Вот они и в темных переходах дворца. Перед пиршественной палатой несколько придворных, среди которых Хотен с облегчением узнает сенешалка Карлуса. Марко зачем-то держится прямо за киевским послом, будто прилип к его спине.

Они входят, и за ними скрипит, закрываясь, дверь. За уже накрытым столом только королевская чета. Хотен прямо от двери низко кланяется. Король с веселым видом кивает, королева, еле сдерживаясь то ли от смеха, то ли от рыданий (а в глазах бесики играют!) просит:

– Ну, повернись же, Хотен, к нам задом, повернись!

Хотен поворачивается – теперь хохочет уже и король. Хотен шарит рукой у себя за спиною – и с ужасом нащупывает нечто, болтающееся на бечевке. Выносит руку вперед – это большая лягушка, сшитая из зеленого сукна, набитая, наверное, мохом. Круглые глазки и растянутый смеющийся рот вышиты черными и красными нитками. Хотен сначала краснеет, потом бледнеет. Тем временем Марко уходит к нему за спину, и бечевка повисает под лягушкой, словно длинный нелепый хвост.

Королева Фрузцина, вытирая слёзы, говорит:

– Вот уж умора, так умора! Ты не сердись, Хотенушка, ведь и в самом деле смешно… Ты еще с таким видом зашел… С таким мудрым видом, витал умом своим где-то под облаками… Ну, прямо как братец Жак после того, как допишет пару строк в свою «Хронику»!  

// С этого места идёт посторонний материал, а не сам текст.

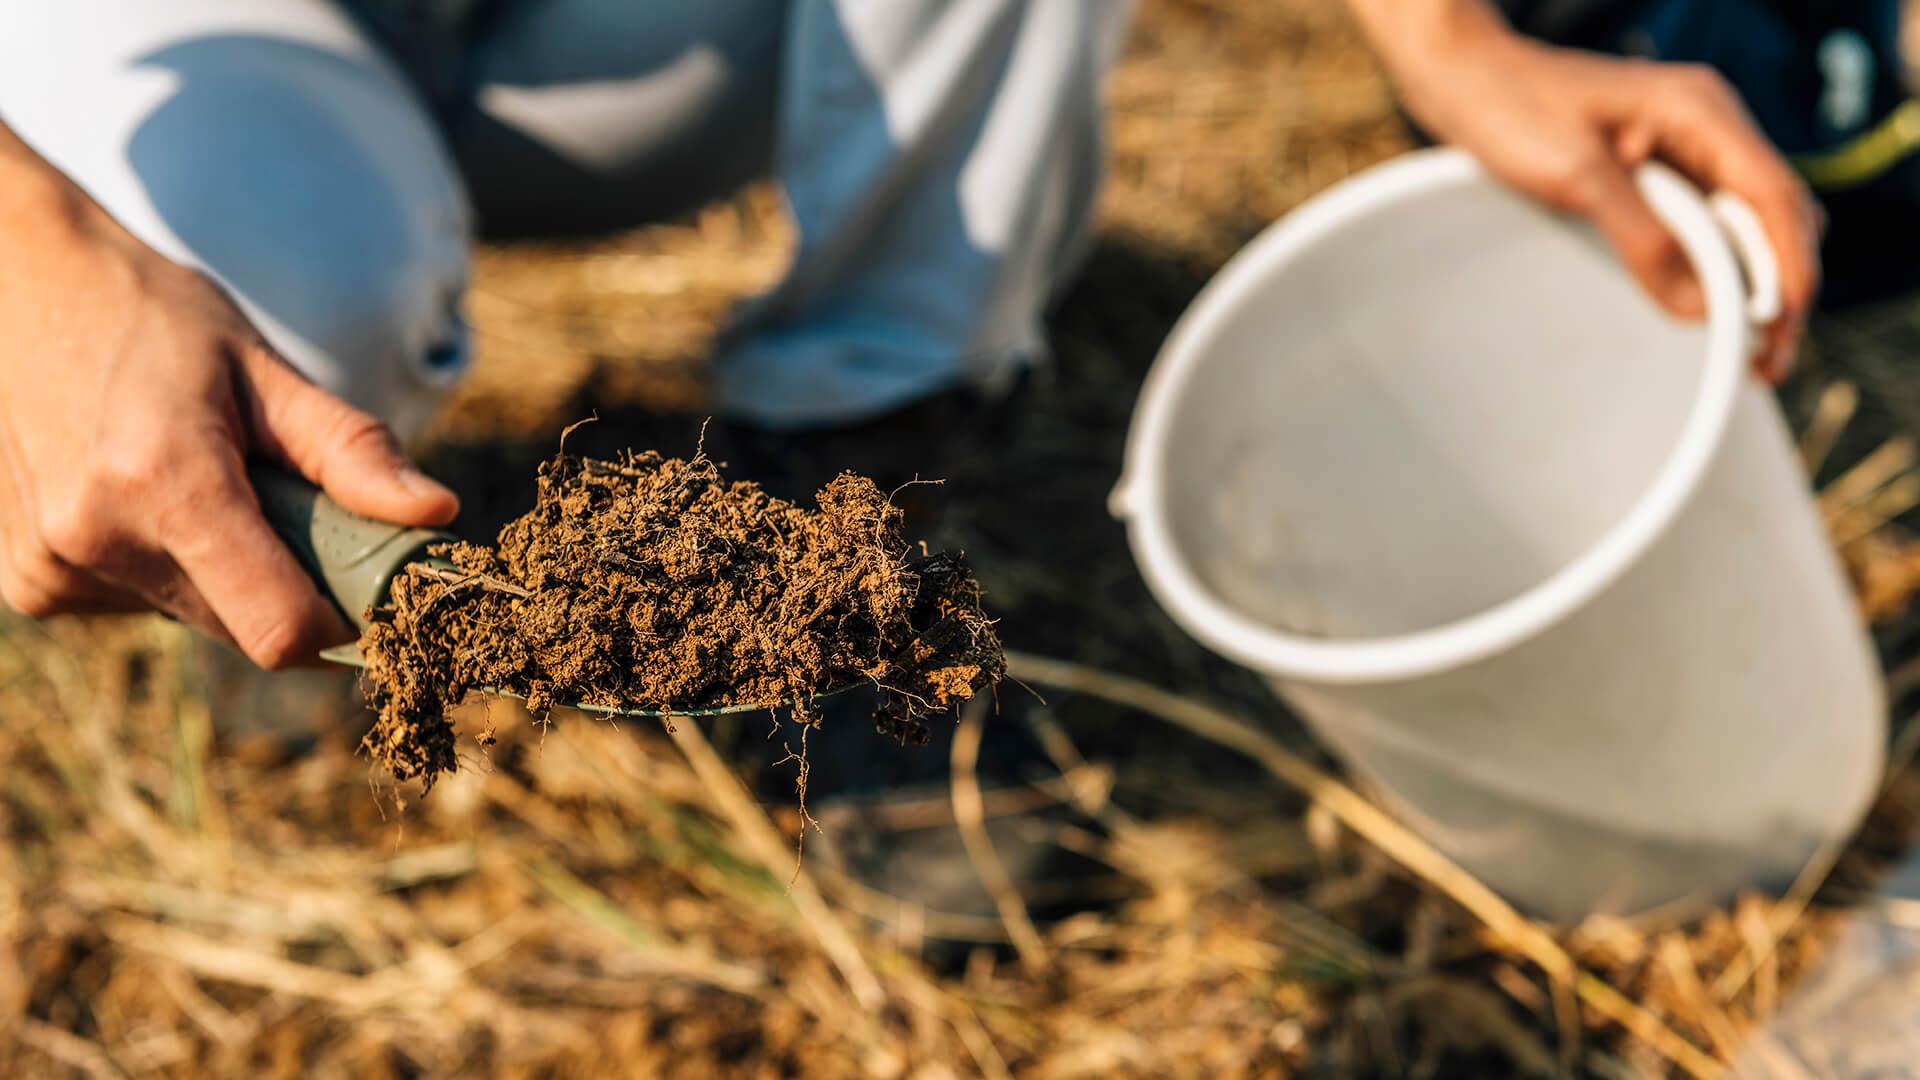 soil-fertility-analysis-female-agronomist-taking-78T3NX2-1.jpg
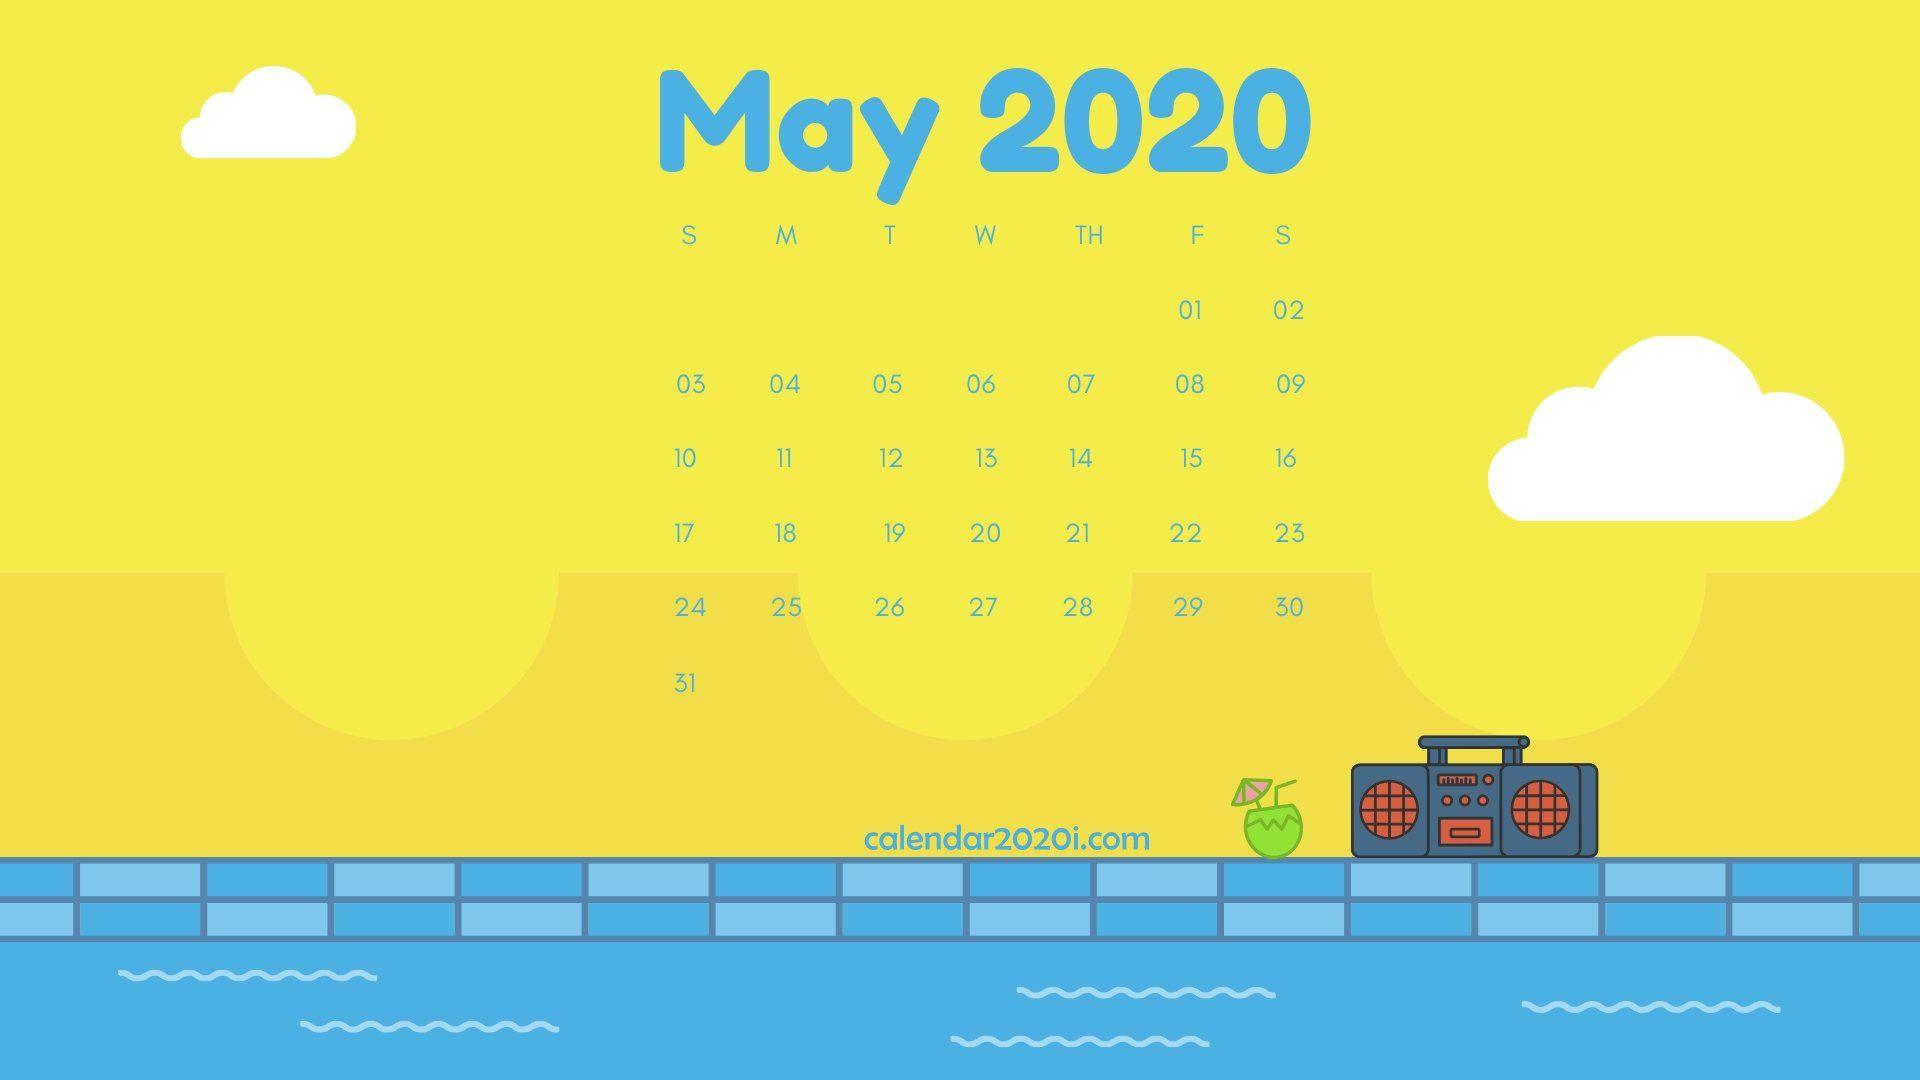 May 2020 Calendar Desktop Wallpaper Calendar wallpaper July 1920x1080

– Ладно, посол, ты не обижайся, – добавил король. – Никто твоего позора не видел, кроме вот Марко. И не забудь, что сам виноват. Как сказал бы незабвенный воспитатель мой Ансельм, ты же сам соблазнился сей Евиной дочкой, а наша дурнушка Лизбет, пусть уж простит меня королева, слишком разумна для женского полу! Садись напротив меня, посол. Что стоишь, обидеть меня хочешь?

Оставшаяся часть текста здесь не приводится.